Taraf gazetesi yazarı Yasemin Çongar köşesinde dün diyor ki:
“Gelişmişliğin somut ölçülerine bakınca seksen altı yıllık cumhuriyetin, değil bir kalkınma mucizesi yaratmak bir başarı öyküsü yazdığını bile söylemek imkânsız.”
Çongar yazısında eğitimsizlik ve öğretimsizlik üzerinde duruyor.
Bu tür cumhuriyet eleştirilerini görünce aklımıza hep aynı soru düşüyor...
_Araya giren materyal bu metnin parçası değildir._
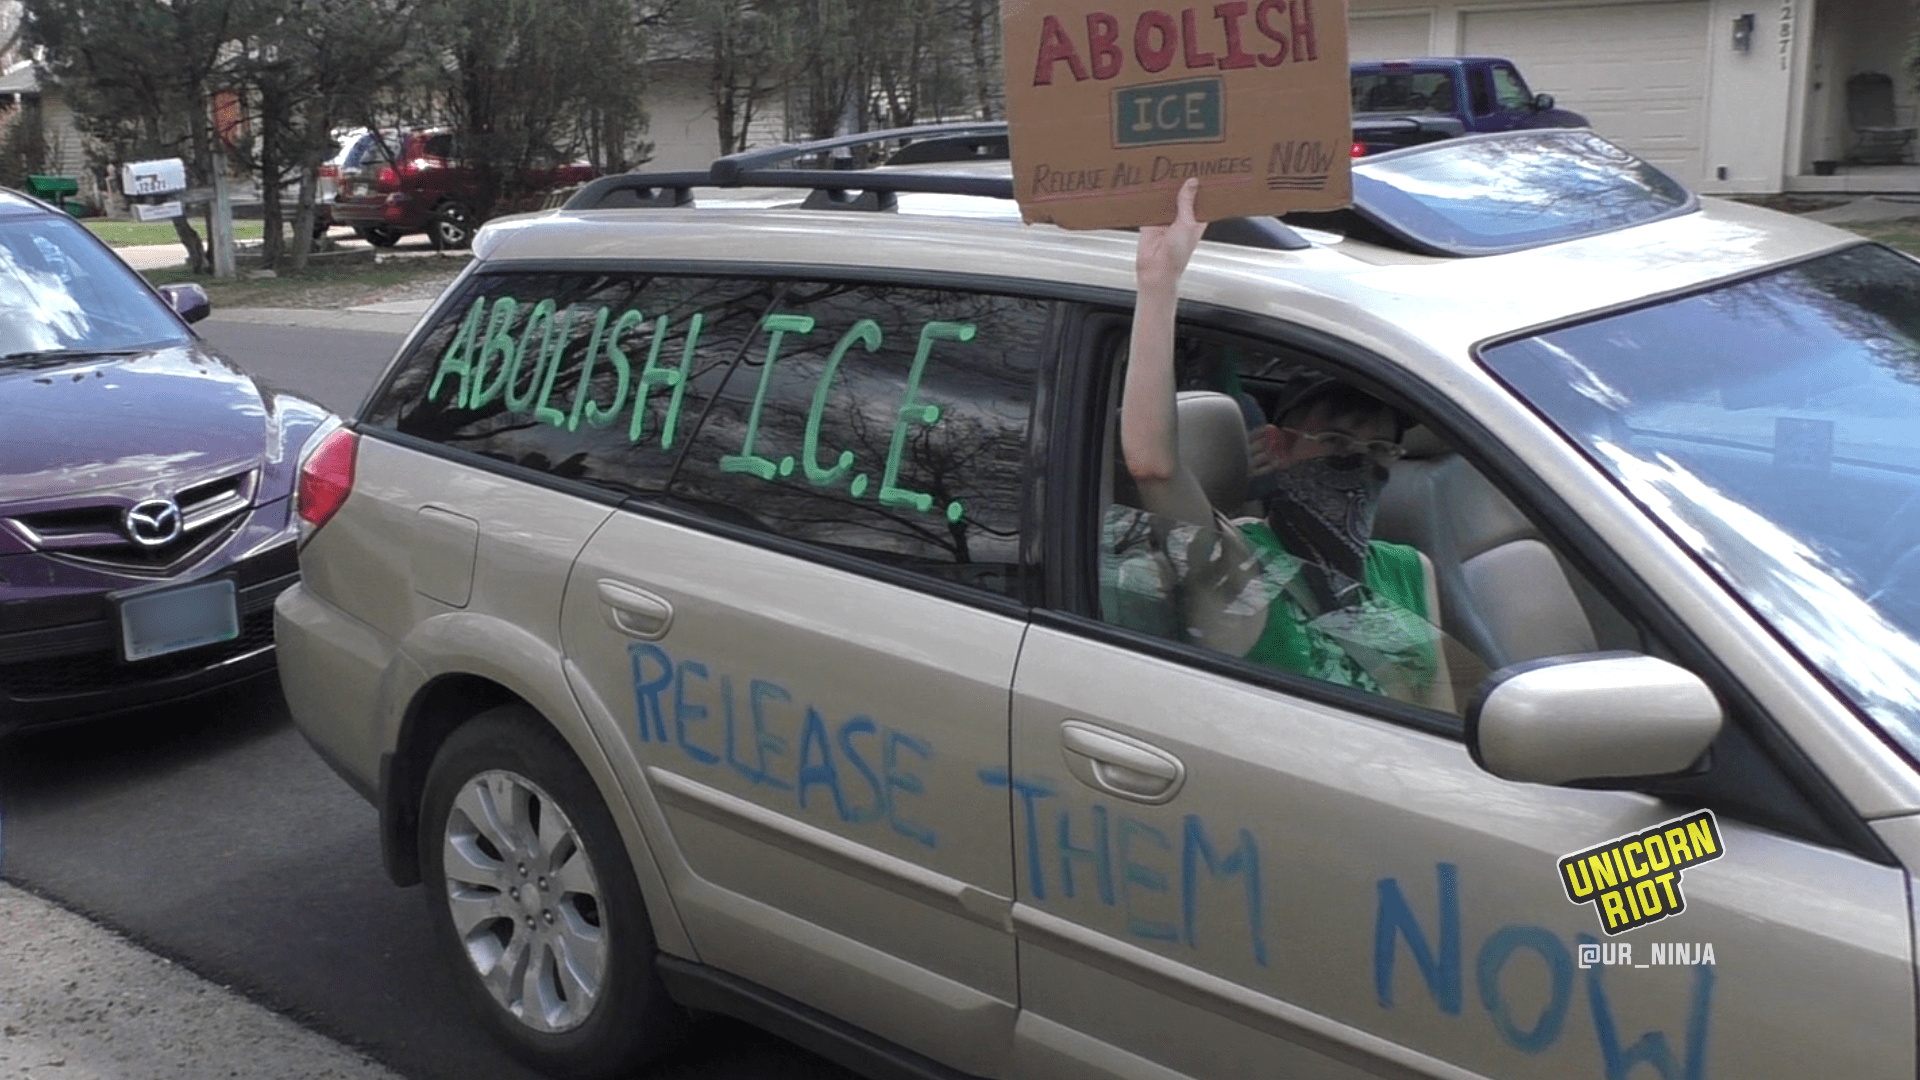 Image description: a gold minivan is painted with the words "Abolish I.C.E." and "Free Them Now" on the windows and sides of the vehicle. A protester's arm holds a sign aloft outside the passenger window; the sign reads "Abolish ICE"

Acaba Türkiye’yi 86 yıldır adı cumhuriyet olan beceriksiz bir lider mi yönetiyor?
Bu ifadeden o anlaşılıyor.
Oysa malum... Cumhuriyet sistemin adı olup bu ülkeyi kâh seçimle, kâh seçimsiz işbaşına gelen birtakım siyasetçiler veya bürokratlar yönetiyor. Bu siyasetçi ve bürokratların hareket alanını ve programını ABD, AB, IMF gibi dış odaklar belirliyor. Ankara’da koltuklara, ülkeye değil o odaklara uyum sağlayacak yiğitler oturtuluyor. Ülke özellikle son 60 yıldır cumhuriyet karşıtı kadroların yönetiminde. Bugünkü sefil manzara, ABD’den kumandalı cumhuriyet karşıtı iktidarların icraatının toplamıdır...
Eğitim, Cumhuriyet Türkiyesi’nin öncelikli davasıydı.
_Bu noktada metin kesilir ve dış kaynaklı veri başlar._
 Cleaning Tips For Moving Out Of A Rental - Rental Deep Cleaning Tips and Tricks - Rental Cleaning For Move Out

Cumhuriyet karşıtı yönetimlerdir eğitimin birliğini parçalayan, bilimin yerine hurafeleri koyan, aydın yerine imam yetiştirmeye soyunan...
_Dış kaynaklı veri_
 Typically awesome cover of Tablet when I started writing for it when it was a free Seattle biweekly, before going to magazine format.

Ülkedeki sefalet ve cehalet tablosunun sorumlusu cumhuriyet gibi soyut kavramlar değil, son 60 yılda Ankara’daki koltuklara ABD tarafından oturtulan kuklalardır...

Güvence aldık!
Gazetelerde 18 Eylül’de haber... Fransa’nın Avrupa Bakanı Pierre Lelouche diyor ki:
- Fransa’nın politikası Türkiye’nin Avrupalı olmadığıdır. Dostumuz veya müttefikimiz olabilir ama üyelik hayır. Bunu yarın görüşeceğim Sayın Egemen Bağış’a söyleyeceğim.
Devlet Bakanı ve AB Başmüzakerecisi Egemen Bağış’ın Lelouche’la görüşmesinden sonra basına verdiği demeç:
- Pierre Lelouche, Türkiye ile AB arasında sürdürülen tam üyelik müzakerelerinin kesilmeyeceği konusunda güvence verdi...

Muğla kıyılarındaki kirliliğin belgeseli çekiliyormuş.
Ankara’da da kirliliğin destanı yazılıyor!